I have a brew installed gnu parallel in MacStudio;
(base) ~ % brew info parallel
==> parallel: stable 20221222 (bottled), HEAD
Shell command parallelization utility
https://savannah.gnu.org/projects/parallel/
(base) ~ % parallel --version
GNU parallel 20221222
Copyright (C) 2007-2022 Ole Tange, http://ole.tange.dk and Free Software
Foundation, Inc.
I played pipe-part
with sed
as follows;
parallel -a -eta -vv SRR8758324_2.fastq -k --block 30M --pipe-part 'sed "s/+.*/+/"' > SRR8758324_2.mod.fastq
When I monitored a cpu usage by htop, I could see all the 20 cores light up.

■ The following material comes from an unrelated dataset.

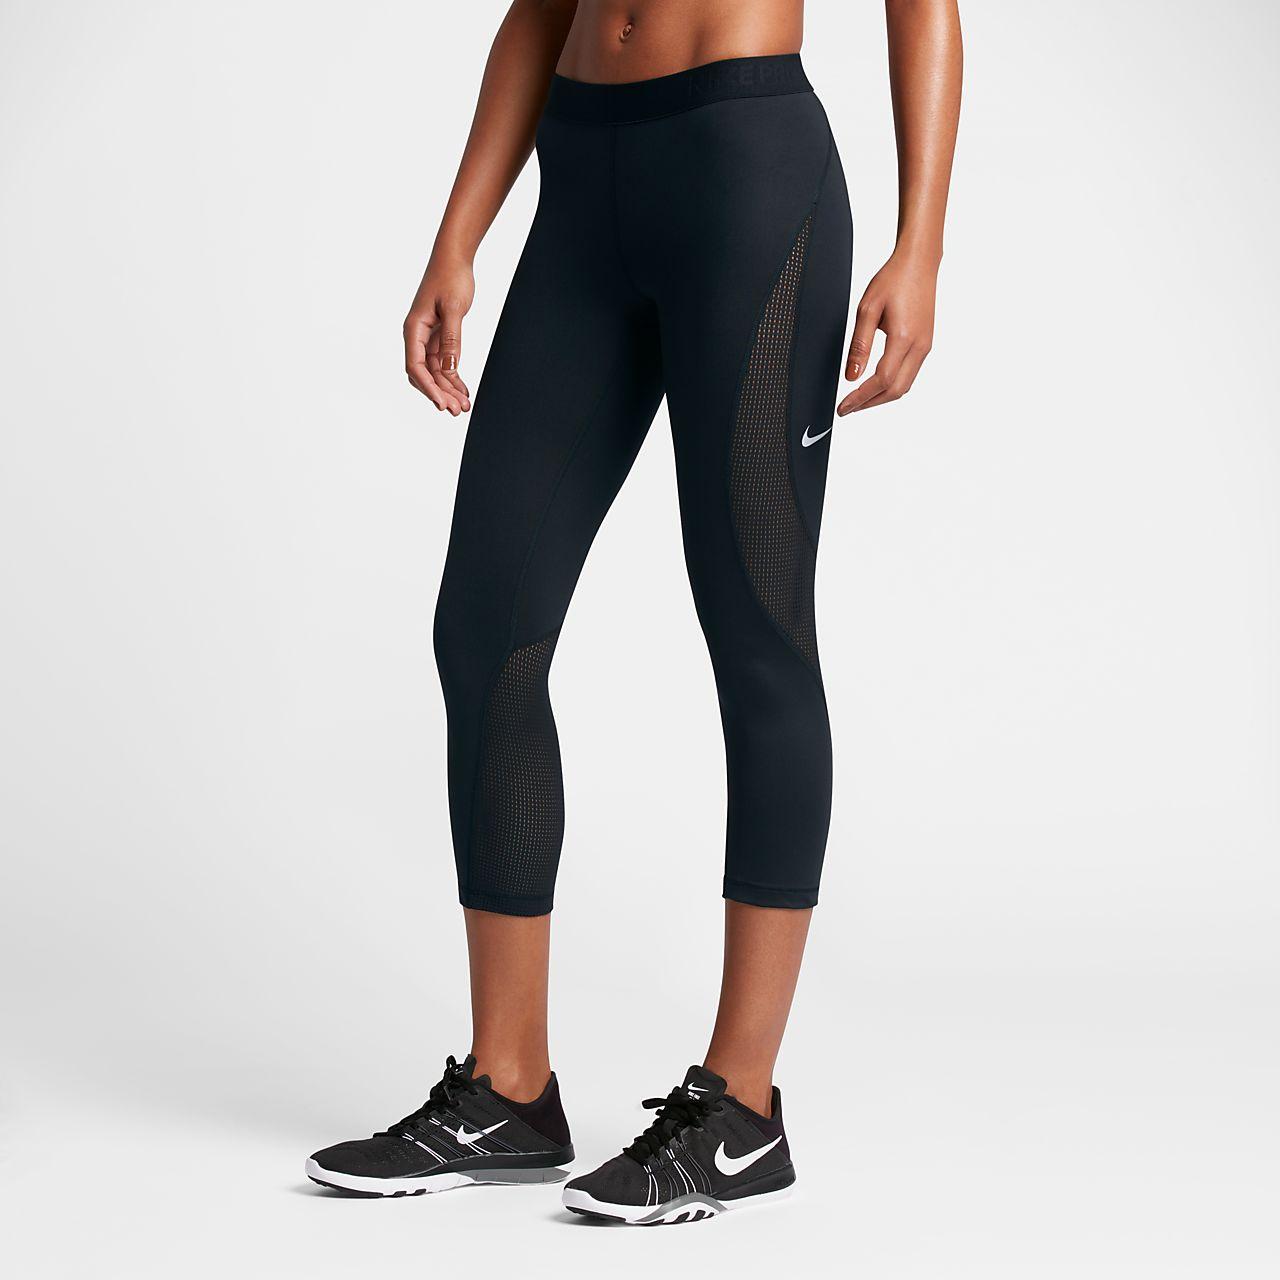 Nike Pro HyperCool Women's Capris Black/Pure Platinum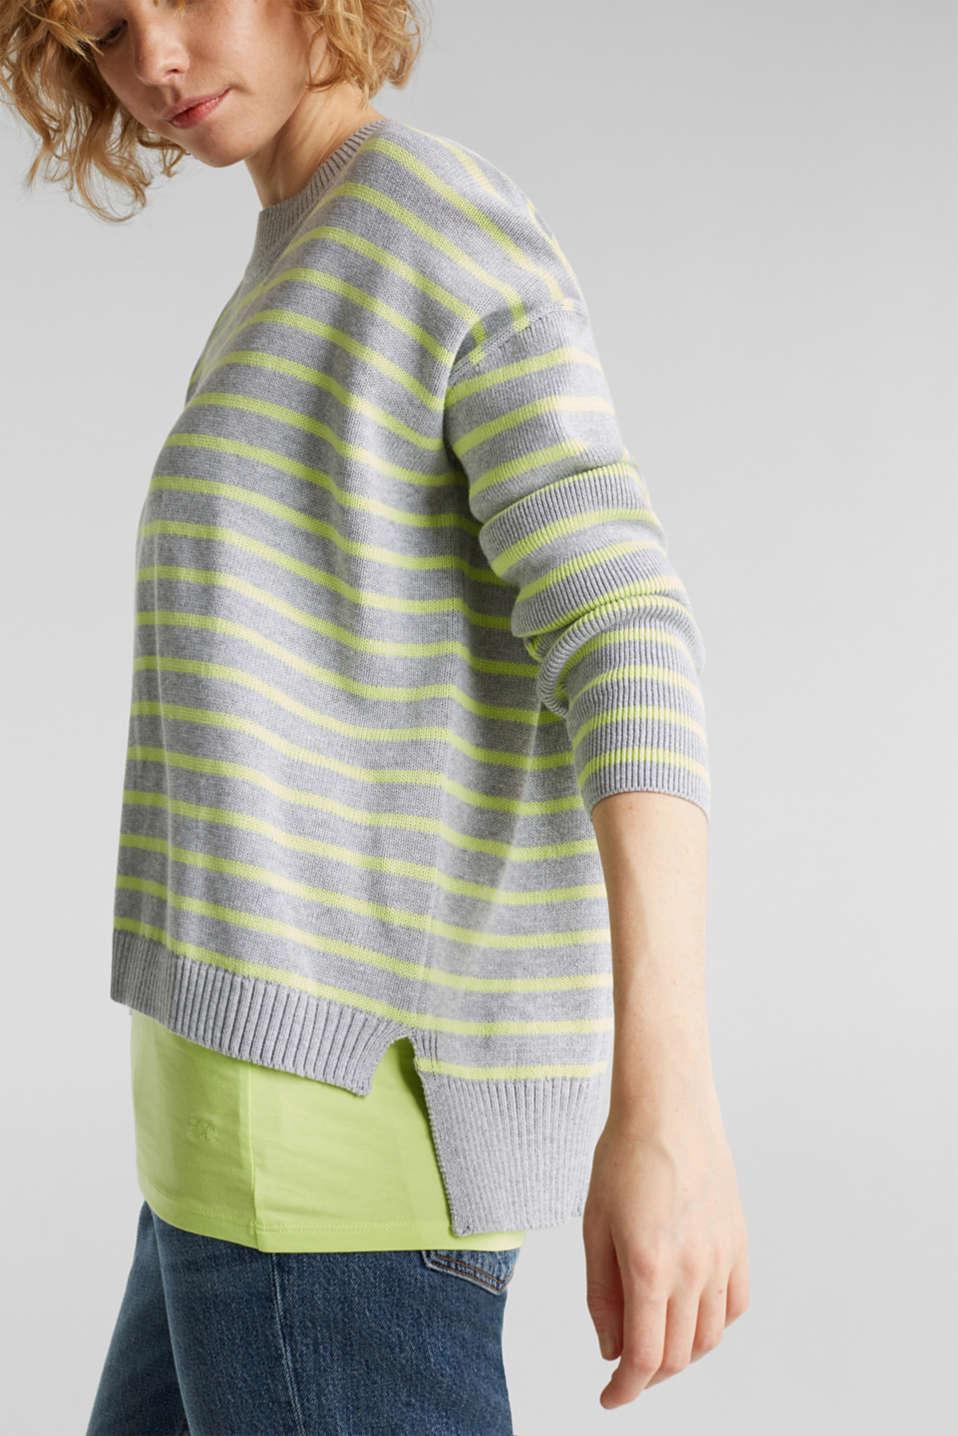 Oversized jumper with stripes, 100% cotton, LIGHT GREY 4, detail image number 2

However, when I fired a following;
parallel -j 20 --eta -vv 'sed "s/+.*/+/"' ::: SRR8758324_2.fastq > SRR8758324_2.mod.fastq
only a single core was used. I'd really appreciate pointers to what I am missing.
'c.
,xNMM.
.OMMMMo OS: macOS 13.1 22C65 arm64
OMMM0, Host: Mac13,2
.;loddo:' loolloddol;. Kernel: 22.2.0
cKMMMMMMMMMMNWMMMMMMMMMM0: Uptime: 9 hours, 19 mins
.KMMMMMMMMMMMMMMMMMMMMMMMWd. Packages: 181 (brew)
XMMMMMMMMMMMMMMMMMMMMMMMX. Shell: zsh 5.9
;MMMMMMMMMMMMMMMMMMMMMMMM: Resolution: 3440x1440
:MMMMMMMMMMMMMMMMMMMMMMMM: DE: Aqua
.MMMMMMMMMMMMMMMMMMMMMMMMX. WM: Quartz Compositor
kMMMMMMMMMMMMMMMMMMMMMMMMWd. WM Theme: Blue (Light)
.XMMMMMMMMMMMMMMMMMMMMMMMMMMk Terminal: iTerm2
.XMMMMMMMMMMMMMMMMMMMMMMMMK. Terminal Font: Monaco 10
kMMMMMMMMMMMMMMMMMMMMMMd CPU: Apple M1 Ultra
;KMMMMMMMWXXWMMMMMMMk. GPU: Apple M1 Ultra
.cooc,. .,coo:. Memory: 3099MiB / 131072MiB
You're just running one instance of sed
on one file in the second example.
In the first one, because of --pipe-part
, you are asking GNU Parallel to split the file into chunks and process each one in a new job.